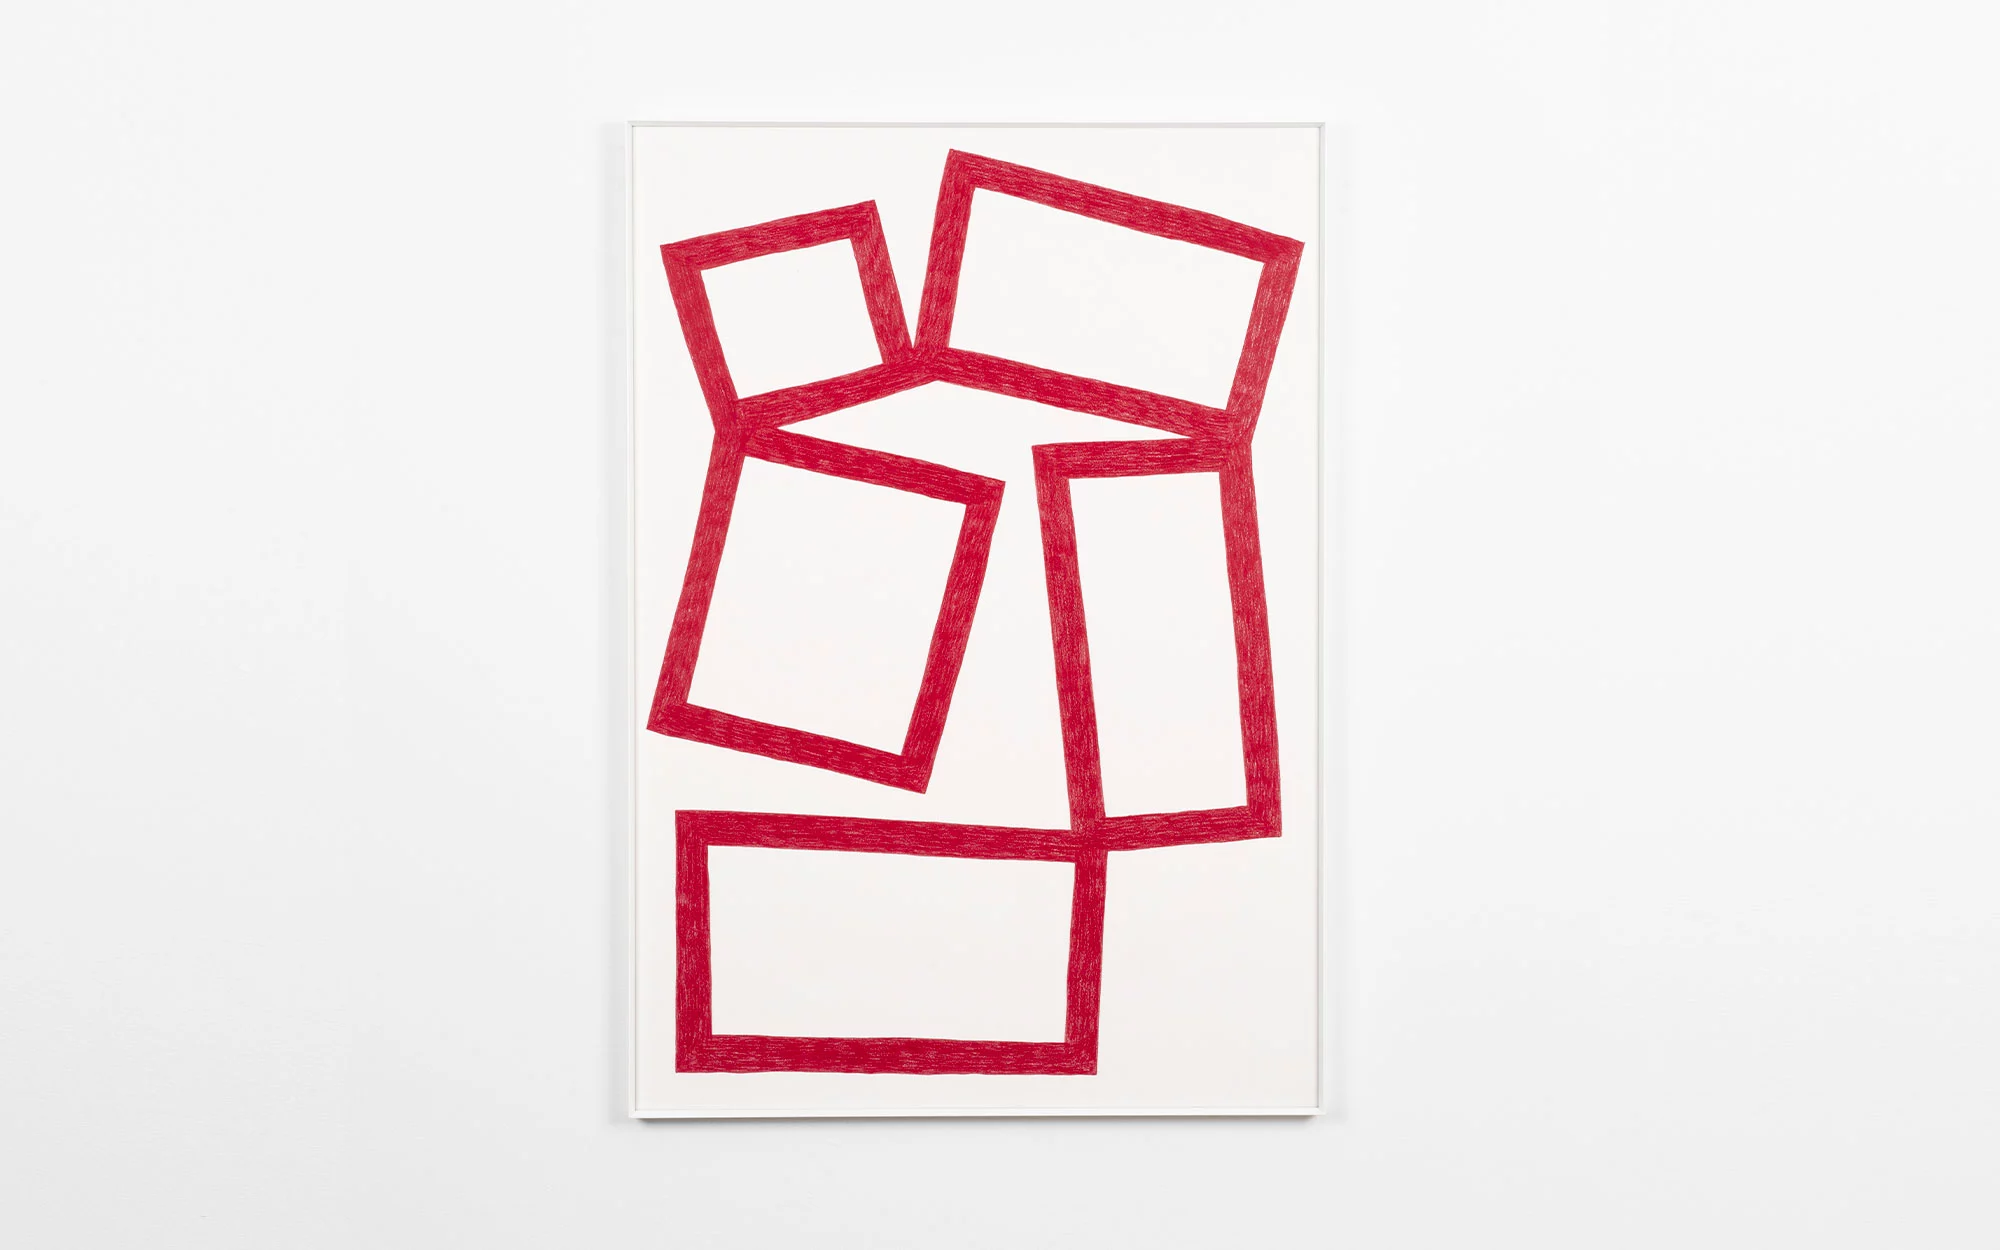 Cubes Drawings - Pierre Charpin - Desk - Galerie kreo
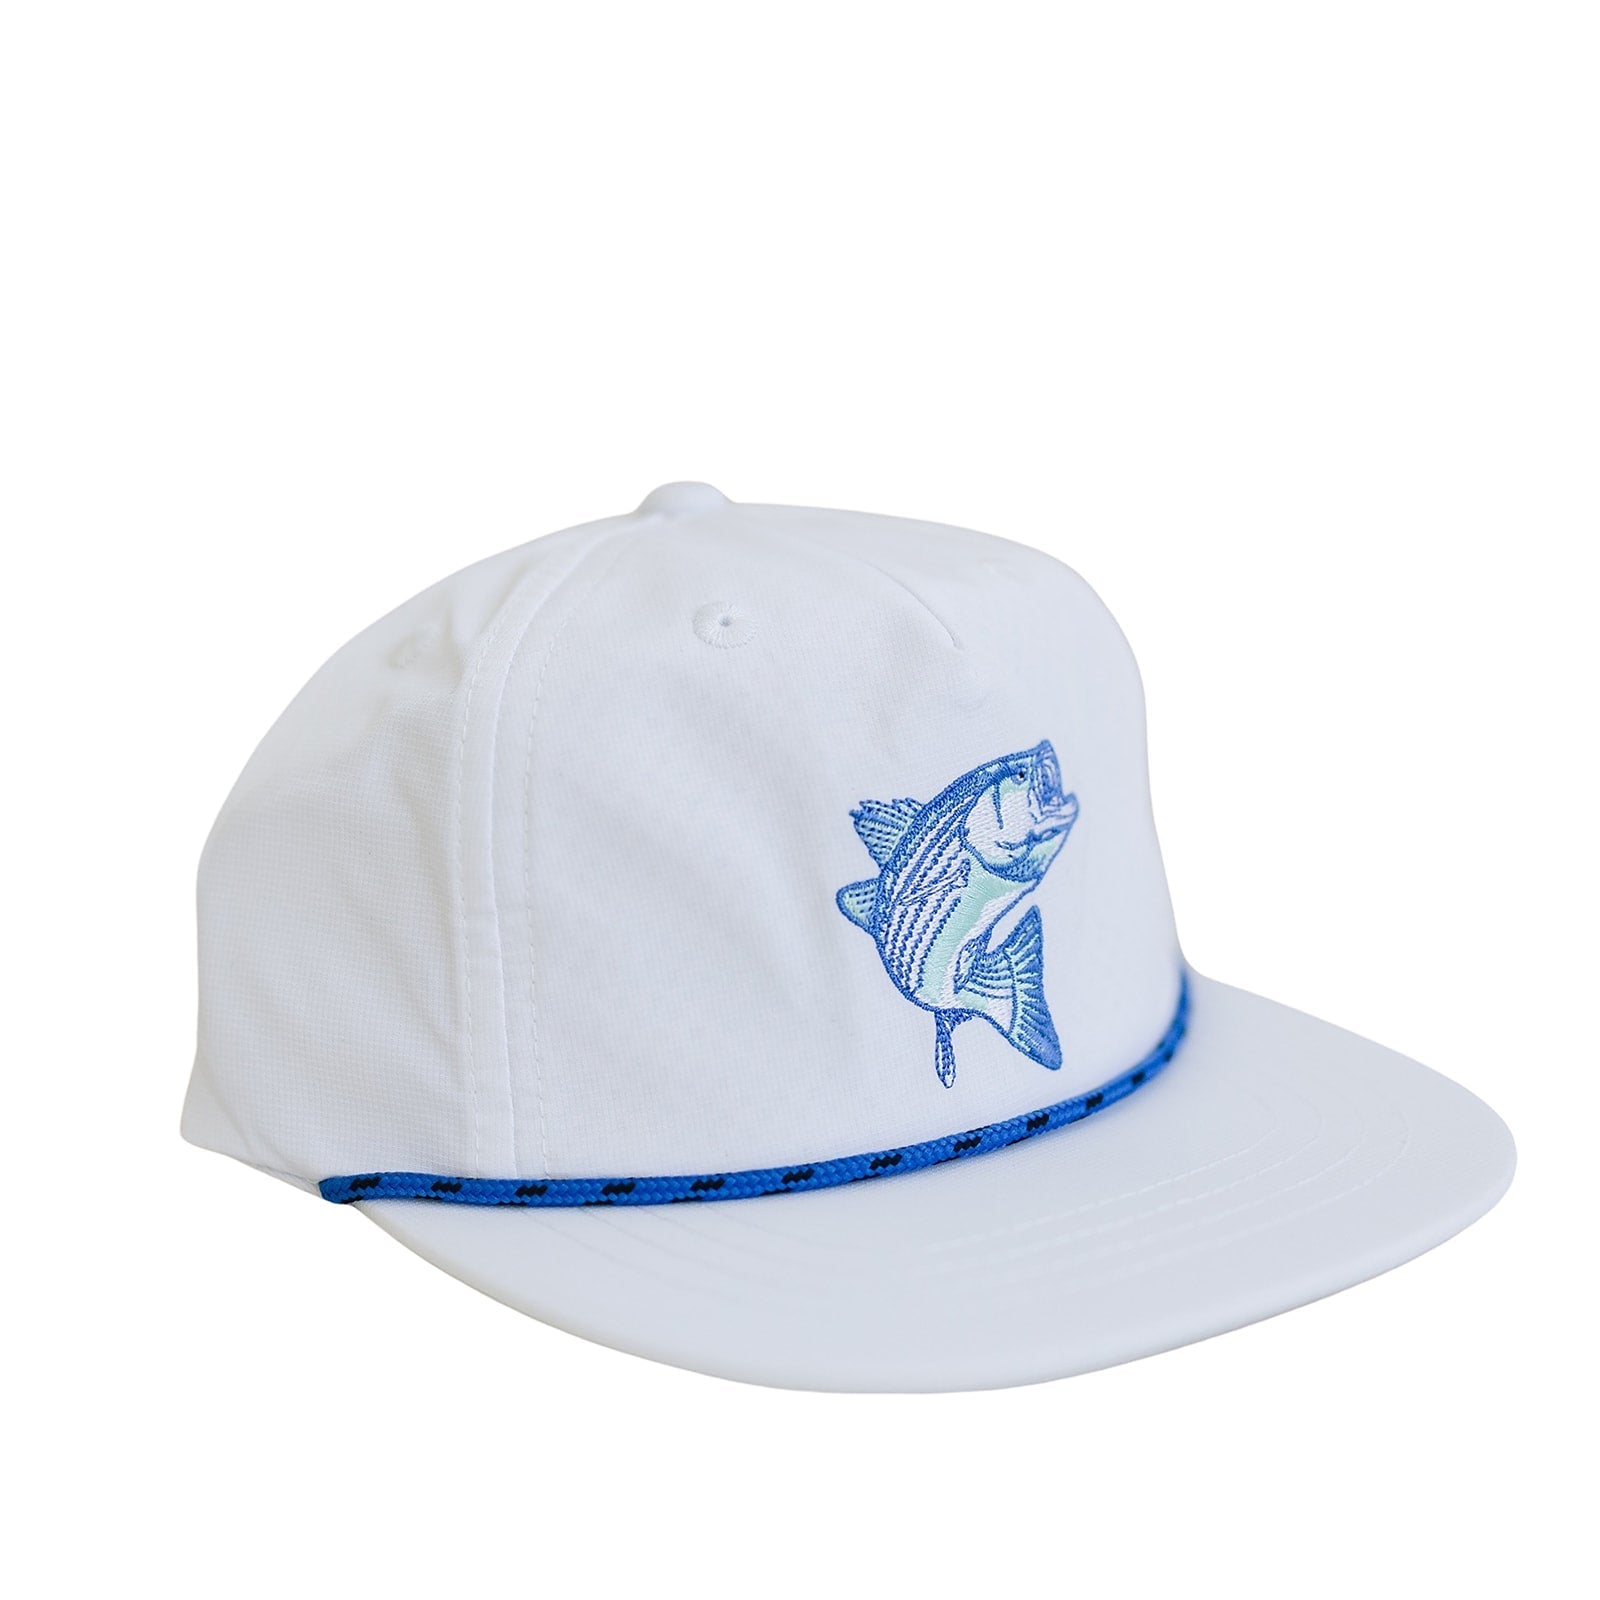 Bass Pro White Flat Brim Hat
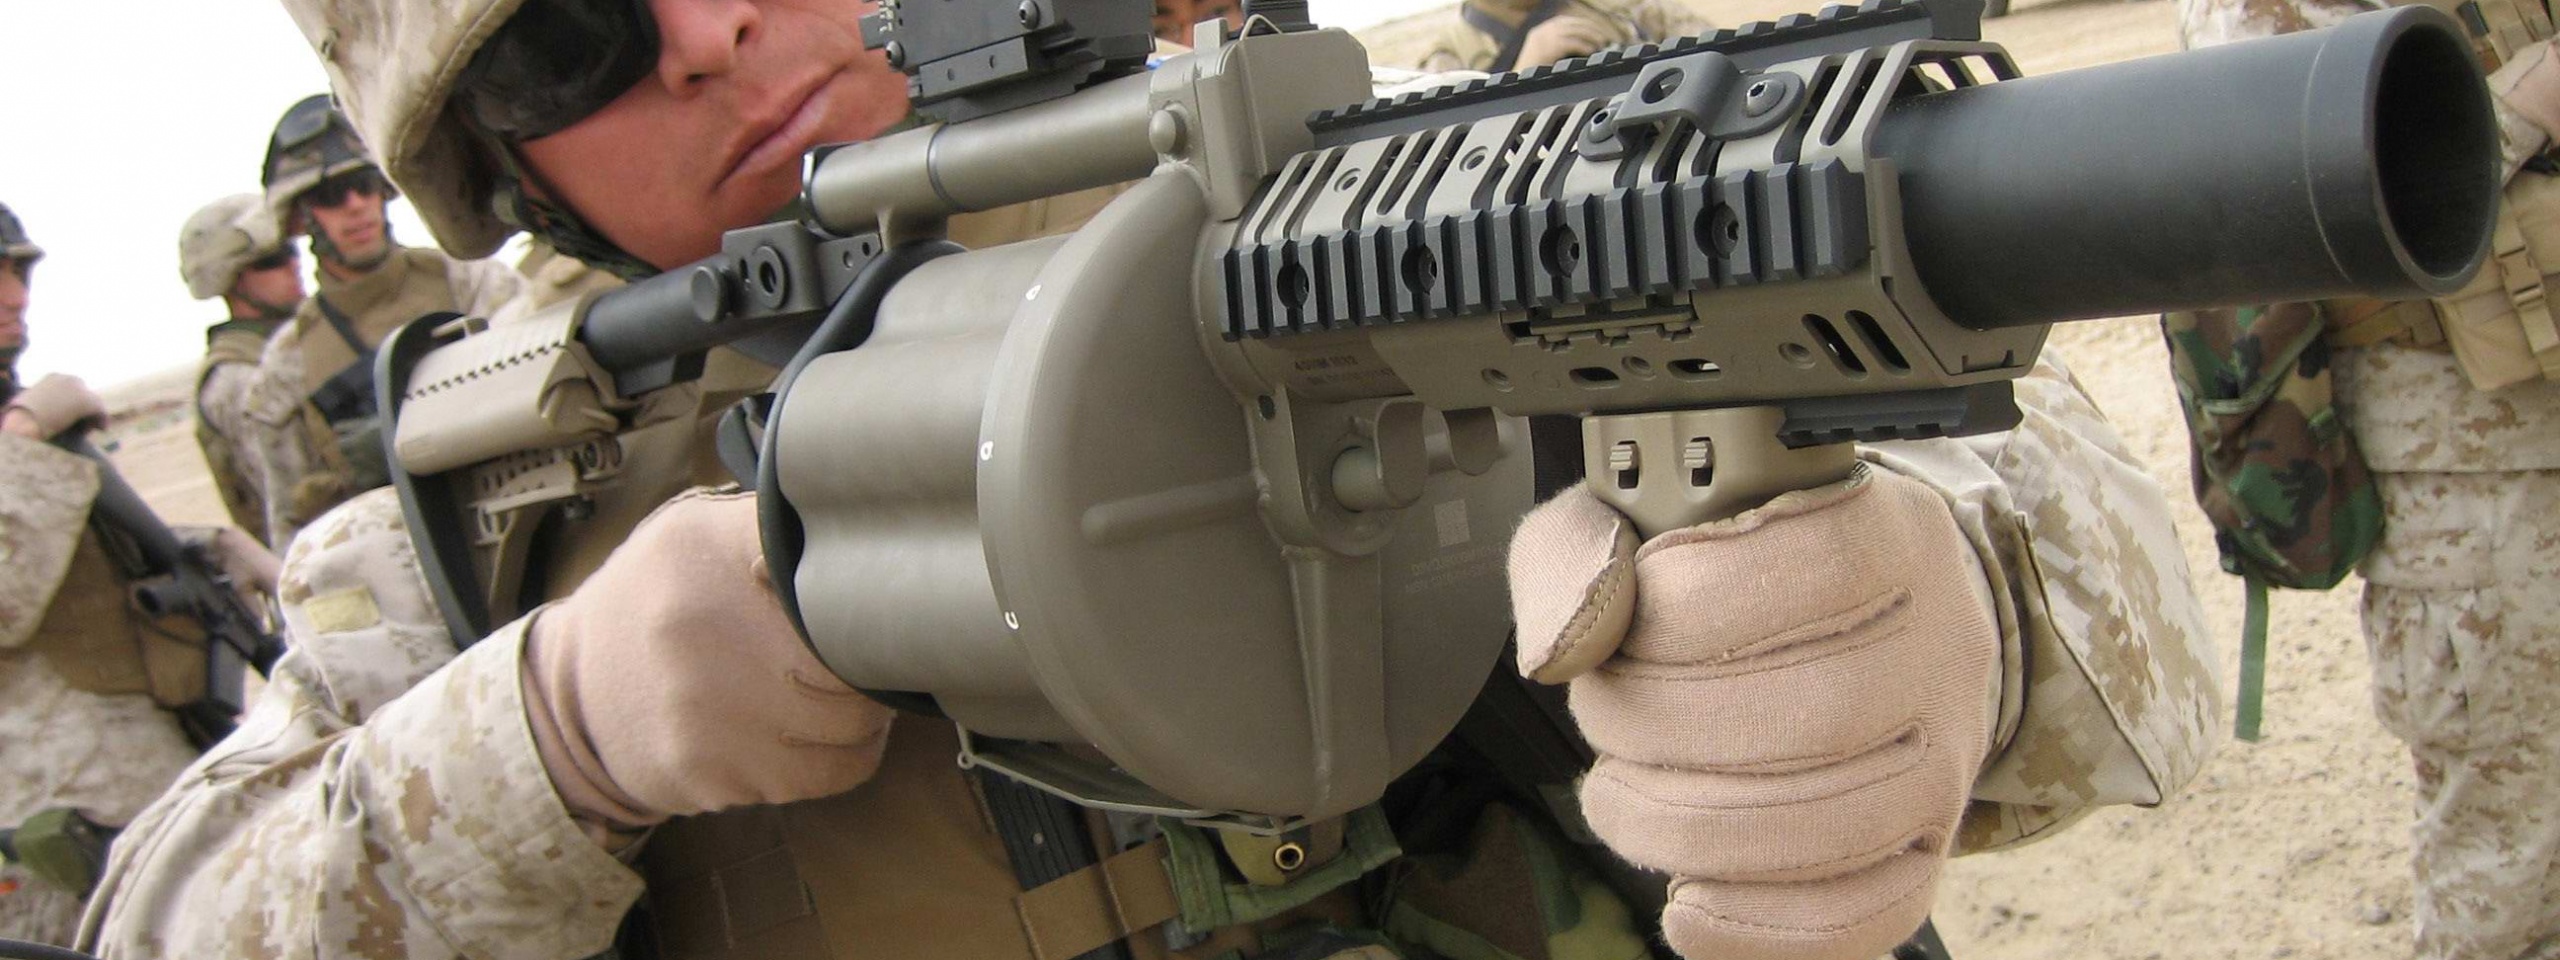 M32 Grenade Launcher

=-=-=

▸ Exercise brief
Only the lines from the one containing "Bass Pro White Flat Brim Hat" to the end of the listing belong in the answer, exactly as they stand and with no pictures.

▸ Response box
 Bass Pro White Flat Brim Hat
 M32 Grenade Launcher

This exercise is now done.